Star Wars: The Force Awakens is a unique stand out to me personally, as he skilfully pulls original Star Wars motifs written decades ago and new motifs for the latest characters together and manages never to lose any cohesion in his score. A perfect example would be the scene where Rey and Kylo duel together towards the end of the movie, where Kylo’s theme, Rey’s theme and the Force’s theme can all be heard at various moments, interwoven with each other depend on what is visually in focus and what the story is displaying.

 

“No need to flex, bro…”

We all know composers who relish in the idea of flexing those creative muscles and showing off how amazing they are at creating complex and intricate works that challenge performers and listeners alike. This isn’t an inherently bad trait to have; after all, music is music and intricate ideas are just as powerful as simple ones. However, this peacocking can have a negative side effect. Your piece suddenly becomes the centre of the film clip, drawing the attention away from the story and the characters and on to the music.

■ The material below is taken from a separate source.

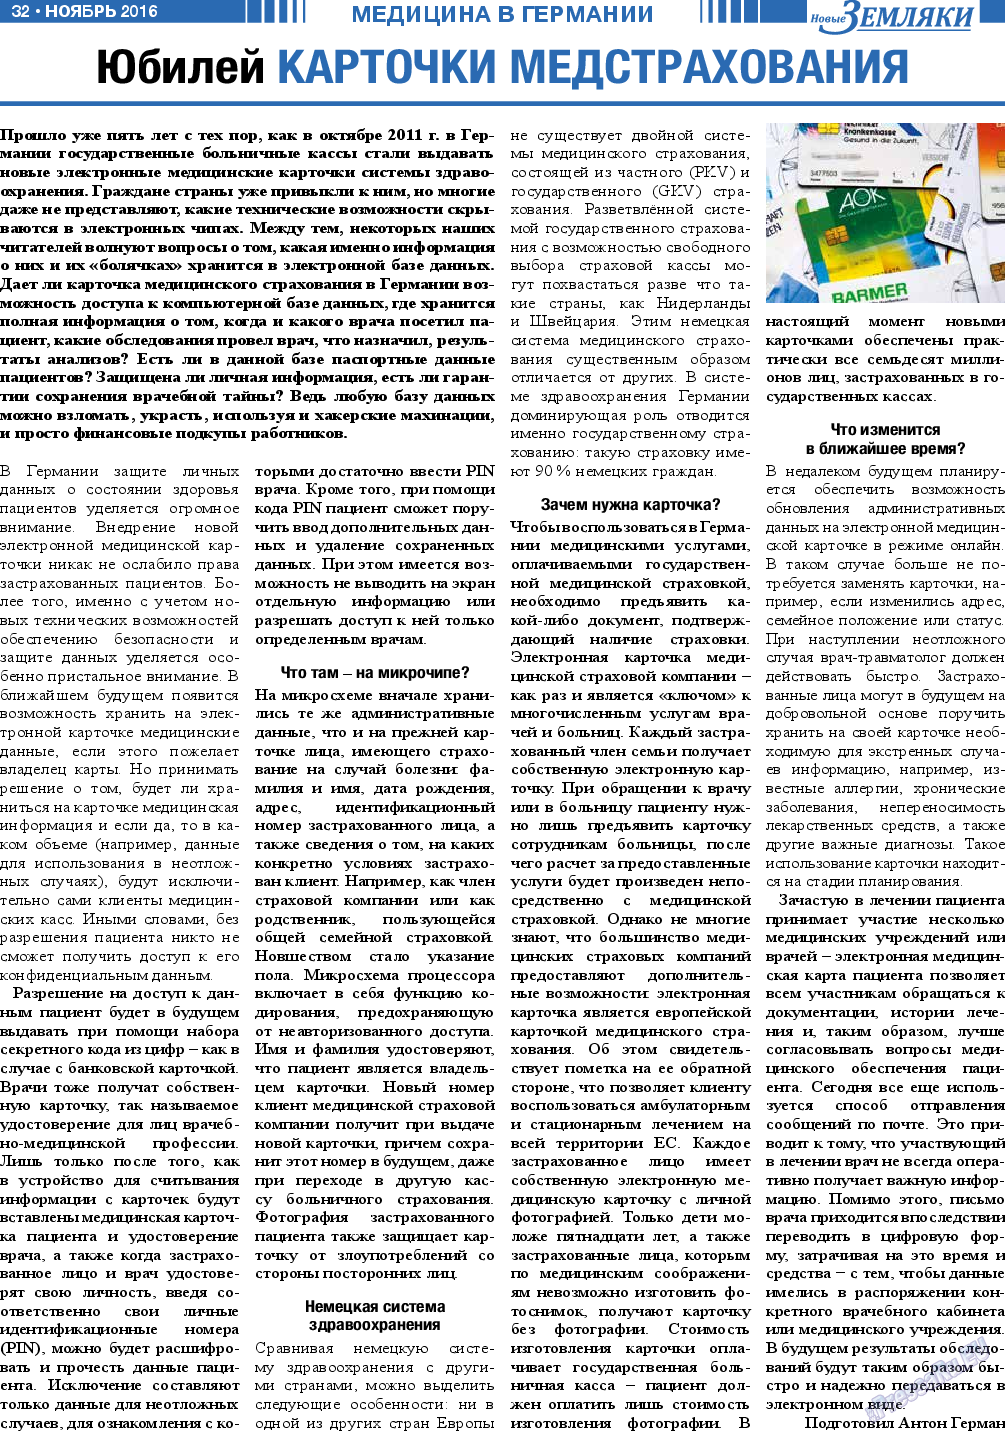 Новые Земляки, газета. 2016 №11 стр.32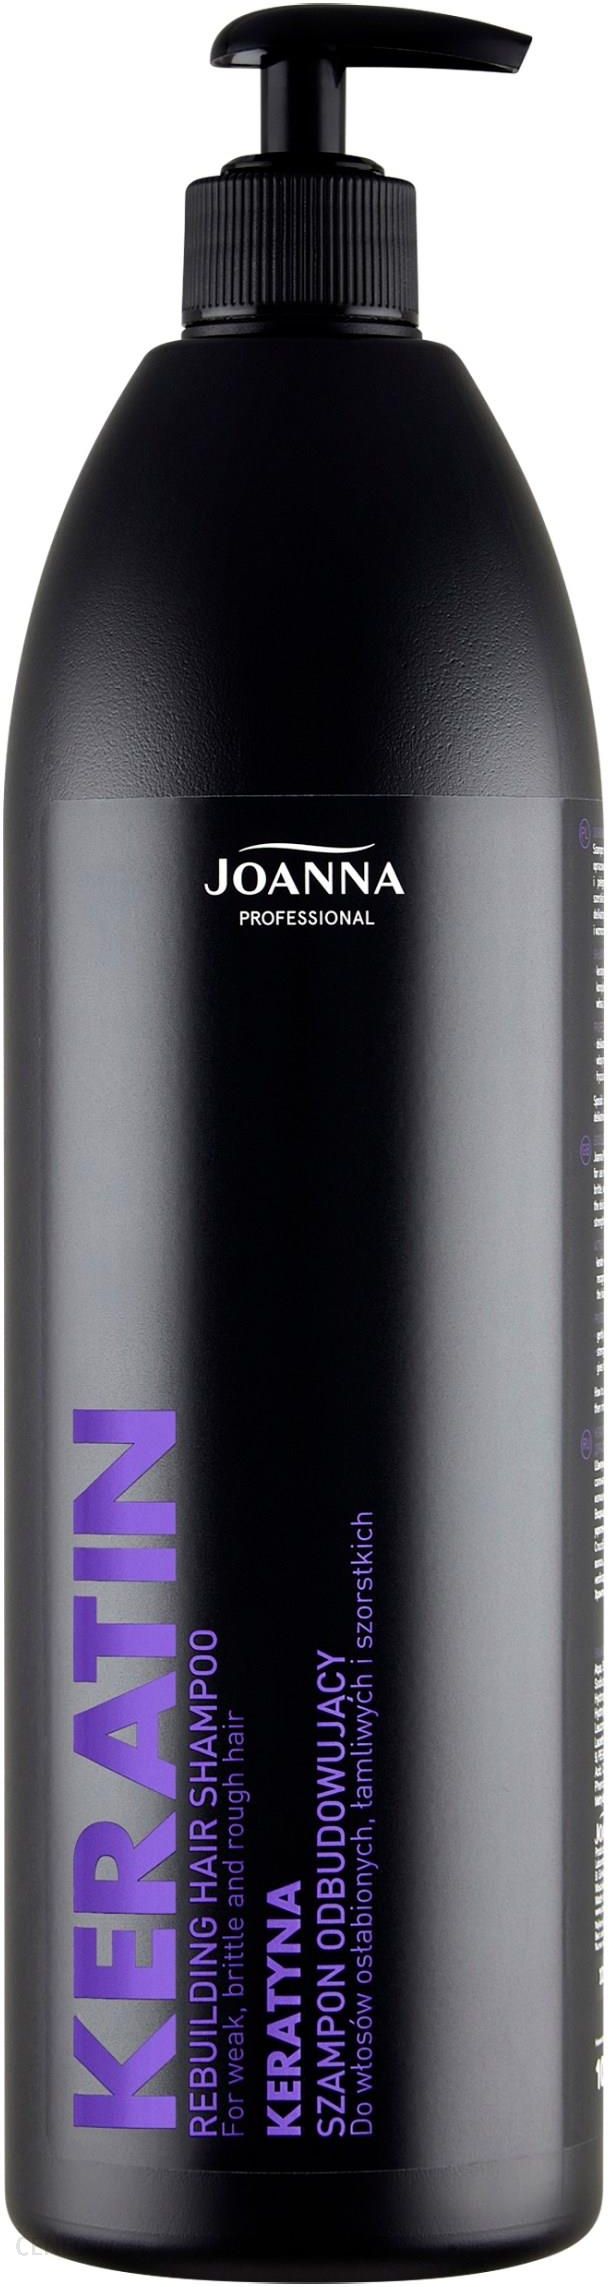 szampon joanna 1000ml

When you think back to the films you love, you can probably hum their theme tunes or title music instantly, but can you do that to the entire score? Sometimes, you barely notice what the music is doing, only what feeling it is giving you. That is actually the perfect quality in film music, where the audience becomes so immersed in the storyline that they don’t notice the music directly. It shows that the music has gelled perfectly with the film’s storyline, going hand in hand with the actors’ performances to create an emotive journey that tells a cohesive story.

So, if you are sitting there wondering if your music should have been more complex, showy and bold, you are asking yourself the wrong question. Instead, ask if that is what the story calls for. The story is the true guide and will ultimately make the decision for you.

 

Wrapping Up

Ultimately, there can be no right or wrong in music making. It all comes down to the film, the creative vision and team behind it… and you. Some scores will always stand out more than others for their timelessness or finesse, but if you live by the simple rule that the story comes first, it is hard to falter too much in realising your film scoring dreams.